**About this task**
Within the records below, find the line with "Esprit editorial Image" and the line with "Nfc writer. Считыватель", then reproduce exactly those two lines and all lines between them, without any picture.

**Recorded data**
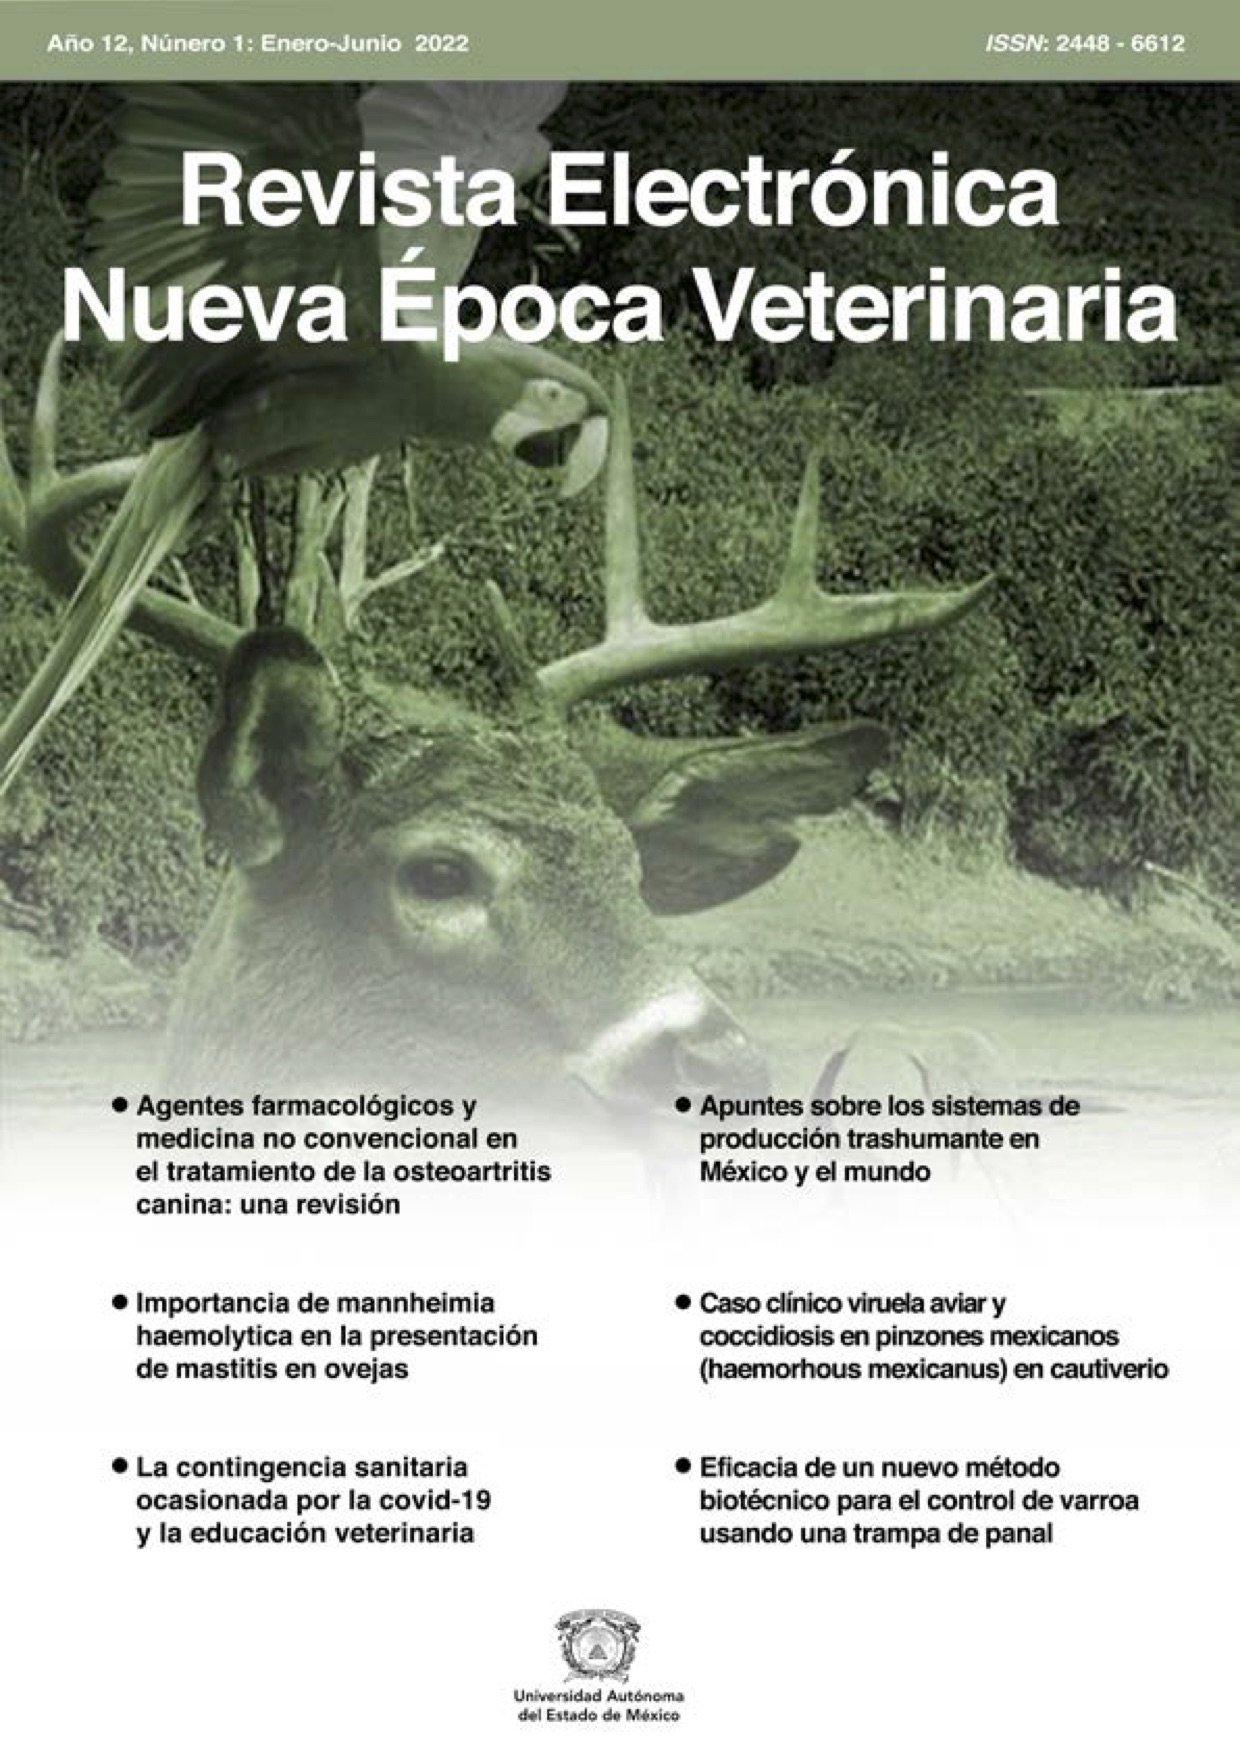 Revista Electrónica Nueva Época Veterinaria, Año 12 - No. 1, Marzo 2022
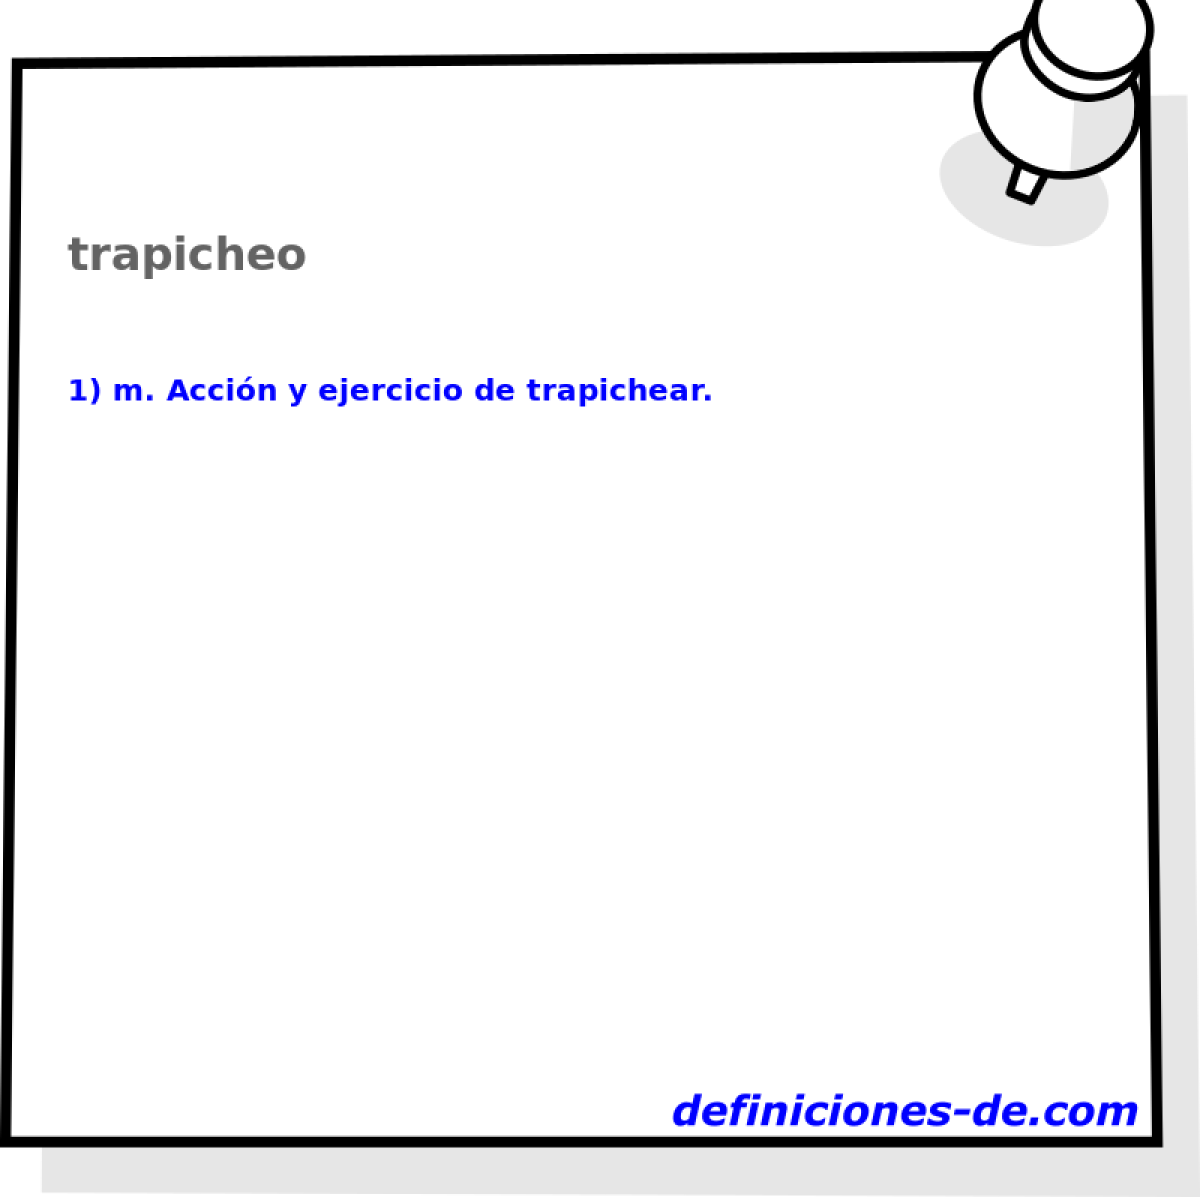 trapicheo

...

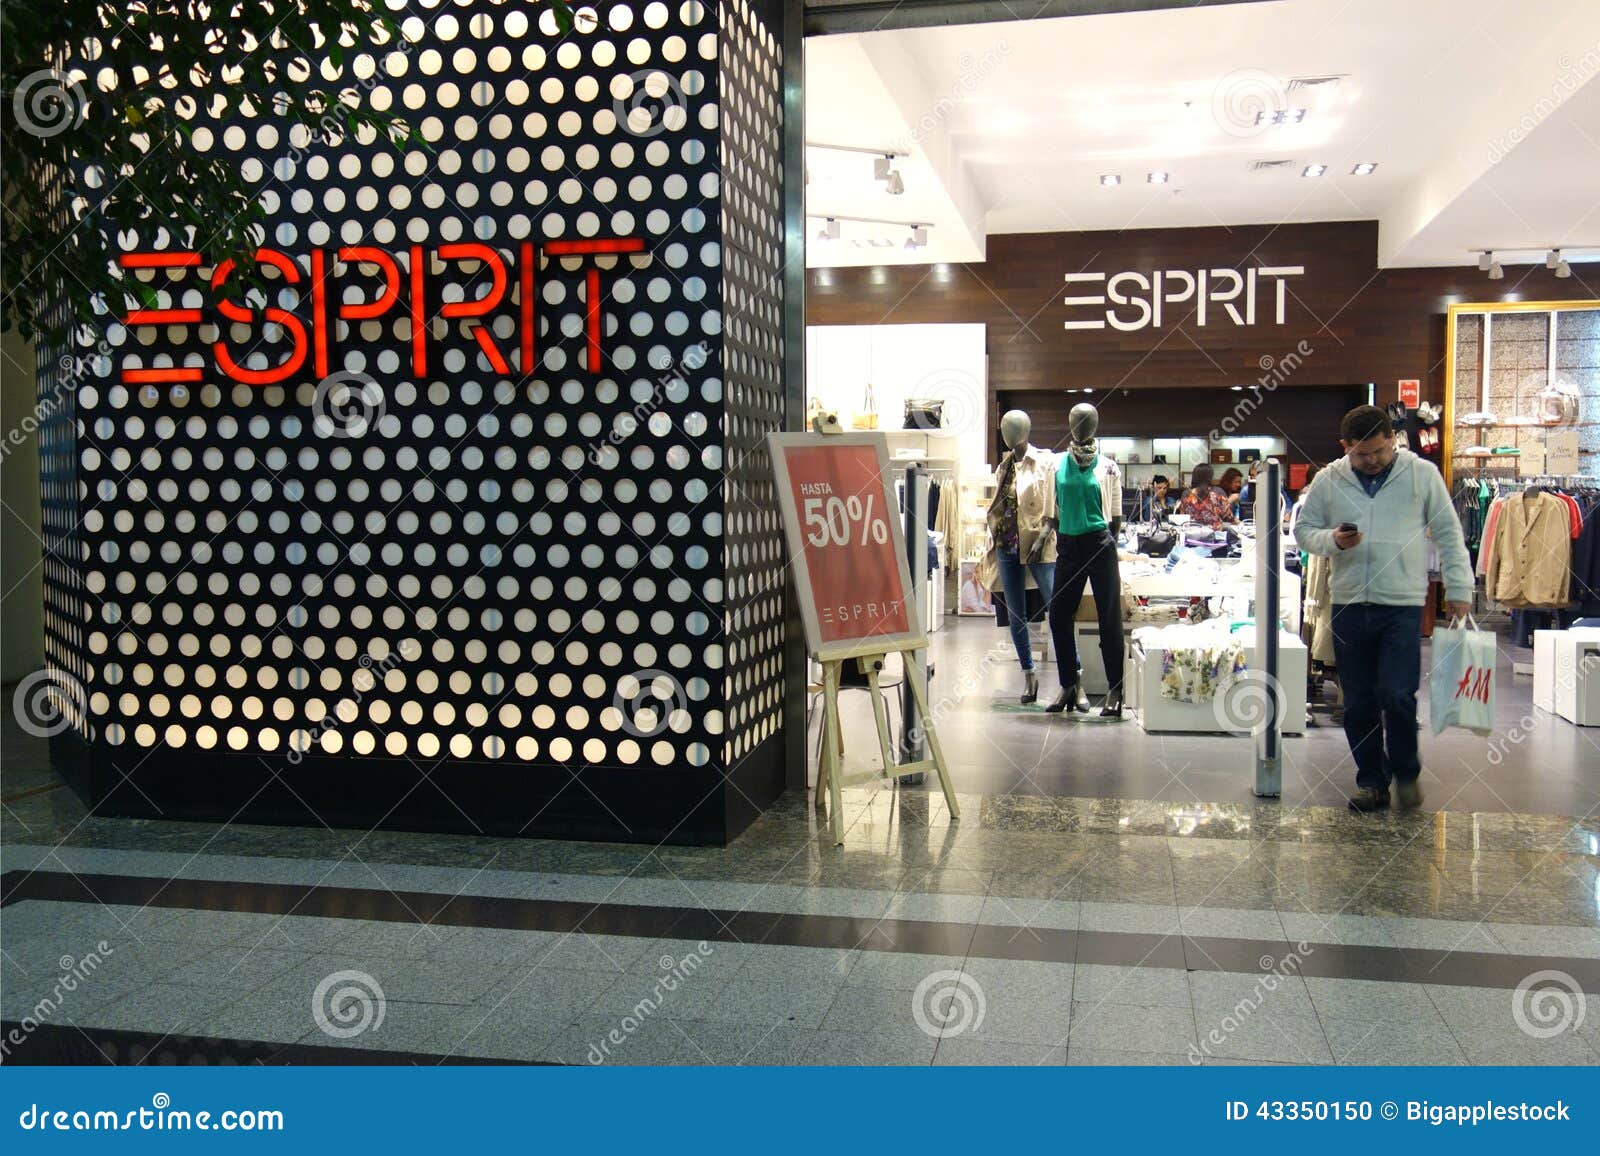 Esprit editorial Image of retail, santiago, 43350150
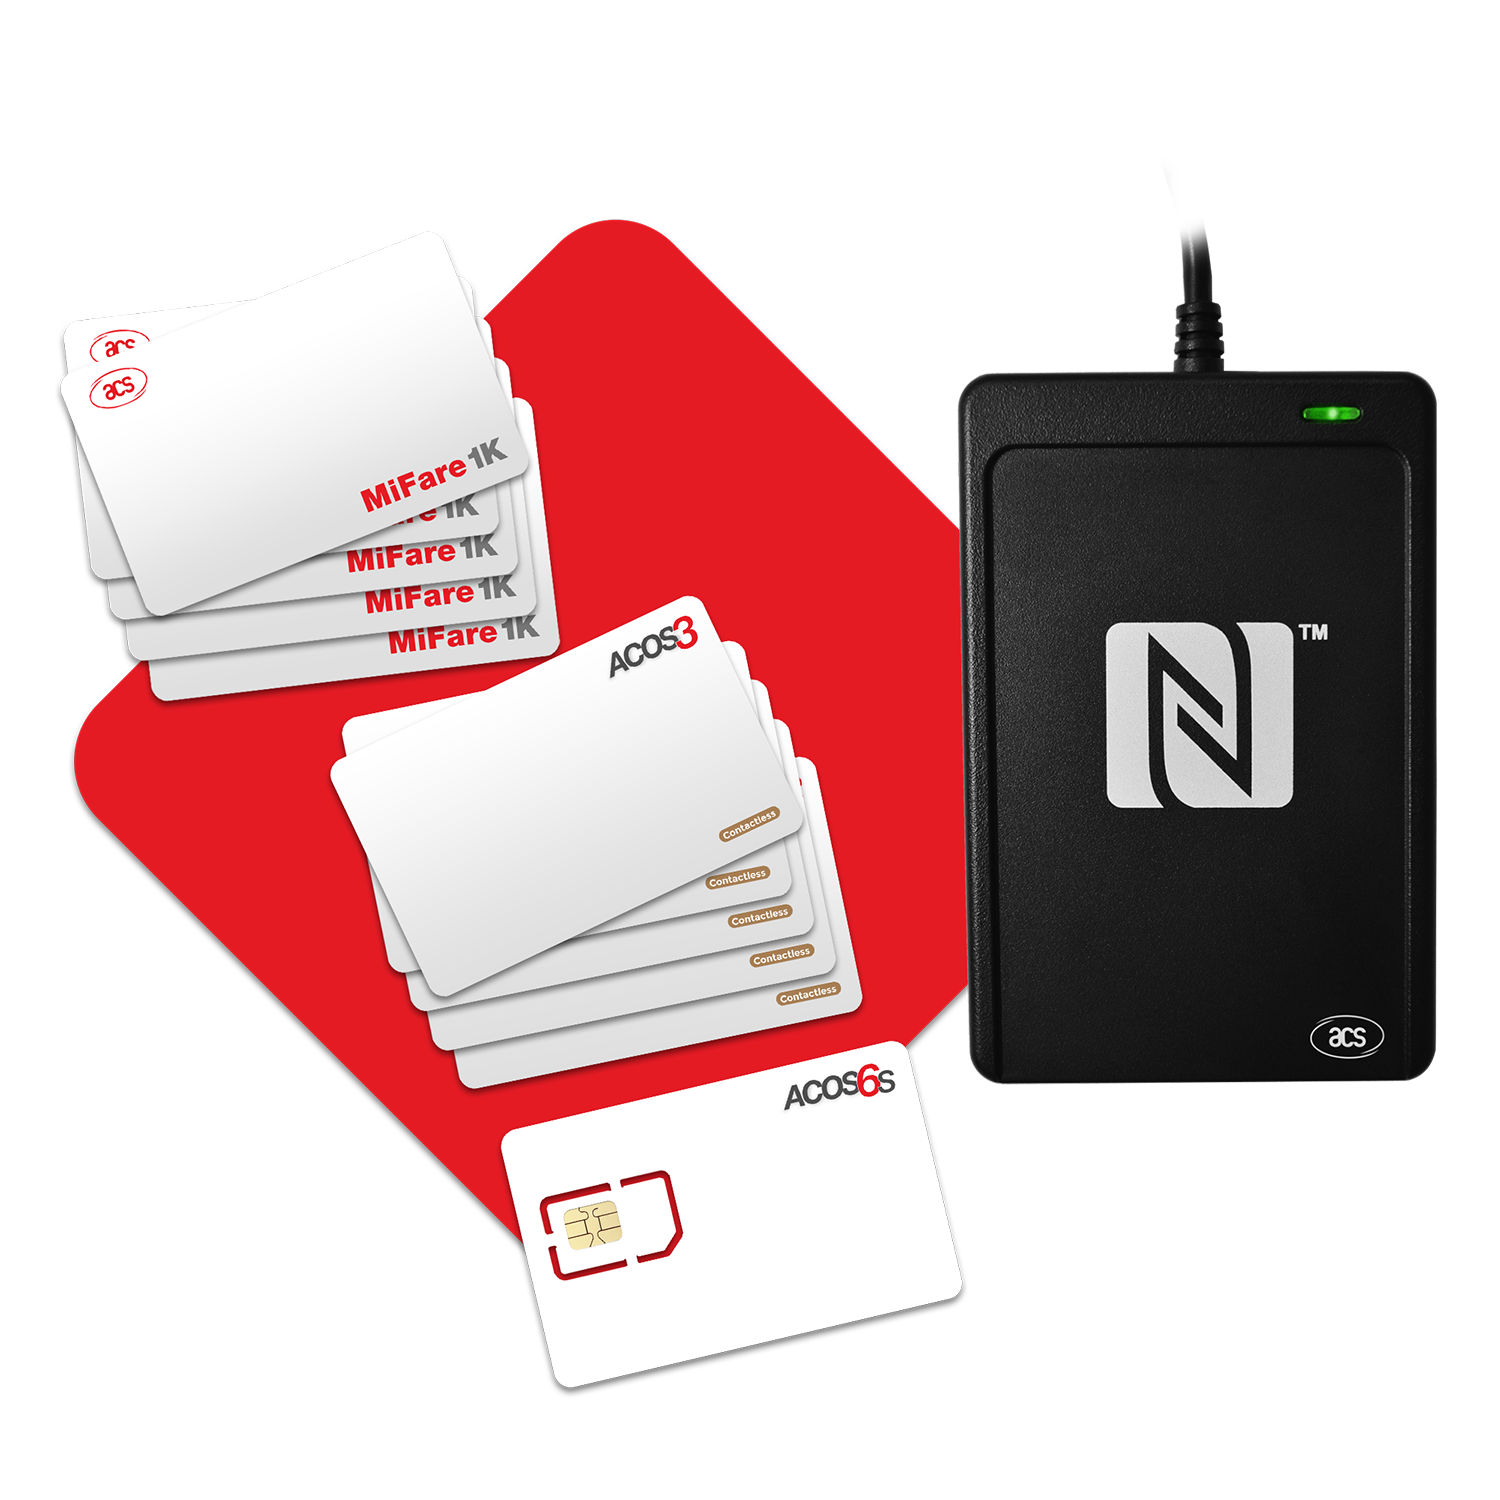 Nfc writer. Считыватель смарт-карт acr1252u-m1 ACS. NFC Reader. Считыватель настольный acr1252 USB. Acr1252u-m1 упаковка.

**Task response**
 Esprit editorial Image of retail, santiago, 43350150
 Nfc writer. Считыватель смарт-карт acr1252u-m1 ACS. NFC Reader. Считыватель настольный acr1252 USB. Acr1252u-m1 упаковка.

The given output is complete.